Пока Олька читала, затем еще дважды перечитывала письмо, бабка Авдотья, выронив тряпку, тихонько утиралась подолом юбки, а затем, боясь шевельнуться, сидела строго и торжественно. Еще один отскочивший осколок прилеплялся на свое место, но война-то, проклятая, не окончилась, еще вовсю полыхал по земле огонь. «Господи, спаси и помилуй внучку мою, Елену, – помолилась она. – От глаза дурного, от пули вражьей, от беды и напасти, от болезни и змеи подколодной, от травы дурной охрани ее, господи! Отдай ее беду мне, старухе, батюшка, коли это нужно тебе, не тронь внучку!»

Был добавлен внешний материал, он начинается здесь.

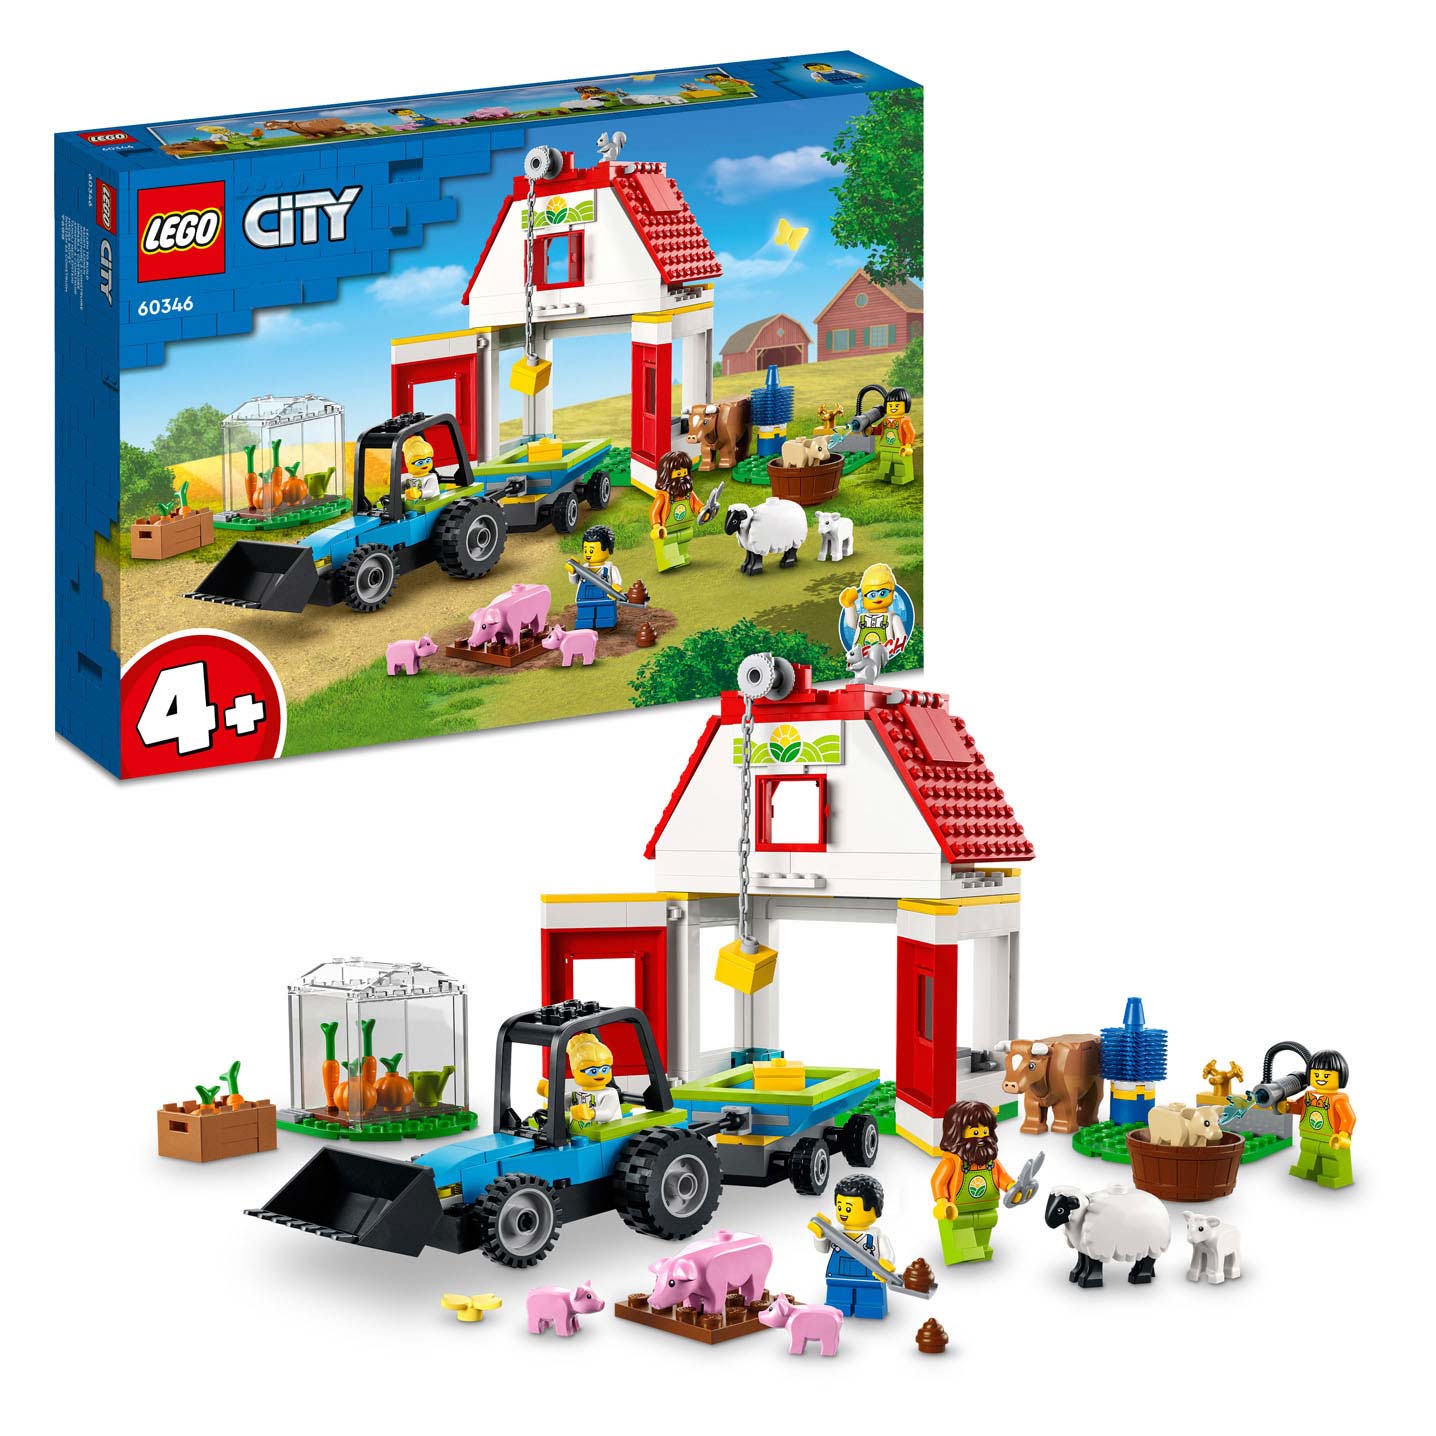 overzee Bloeden aankomen LEGO City 60346 Boerderij Dieren online ... | Lobbes Speelgoed België
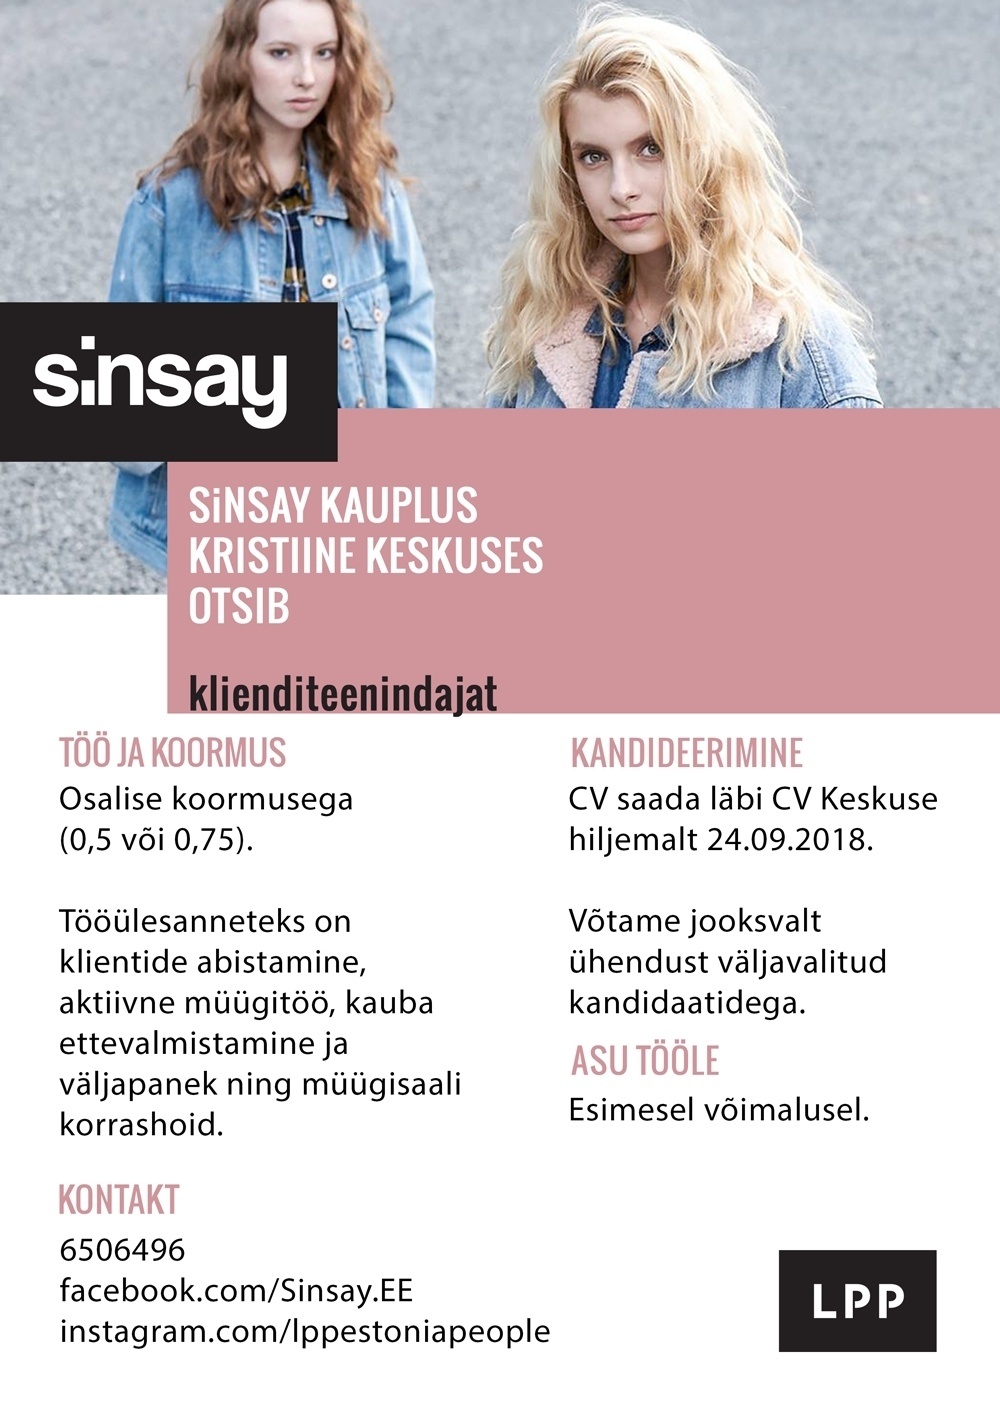 LPP Estonia OÜ Klienditeenidaja (osalise koormusega) SINSAY kauplusesse Kristiine keskuses

На другой день Ефросинья с утра собралась и пришла в правление колхоза к крестному мужа, Игнату Кузьмичу Свиридову, подождала, пока разойдется народ, и оставшись в тесной комнатенке за дощатой переборкой с ним вдвоем (по соседству все ожесточеннее щелкал на счетах тот же непременный счетовод Мартьянович, вернувшийся недавно из партизан), подняла на него глаза.

– Ну что, Ефросинья, – спросил Свиридов с неожиданной веселостью. – Видишь, вот война-то ушла, а мы тут все ее разгребаем. Еще вот пятьдесят десятин нам по плану надо засеять, хоть зубом грызи. Объявляется на завтра всесельский выход в поле, школу снимаем, сельсовет, сам с Мартьяновичем выхожу. Ты как, отдохнула?

– Время придет, отдохну, – сказала она, – завтра со всеми выйду, хватит.

– Ну что, вчера письмо от дочки получила?

– Получила. Да я к тебе, Игнат Кузьмич, рассказал бы ты мне получше, как она там, в партизанах-то? А то ничего я не поняла с прошлого нашего разговора, – Ефросинья кивнула на бумагу. – Ты уж меня не ругай, знаю, что ни дня, ни ночи не видишь. Да вот вернулась я и все сама себя никак в одно место не соберу. Про мужика никто ни слухом ни духом, и Ваню теперь не дождешь… Господи, Игнат Кузьмич, как же теперь дальше-то жить? Пока пора не приспеет, жить-то надо, хочешь или нет.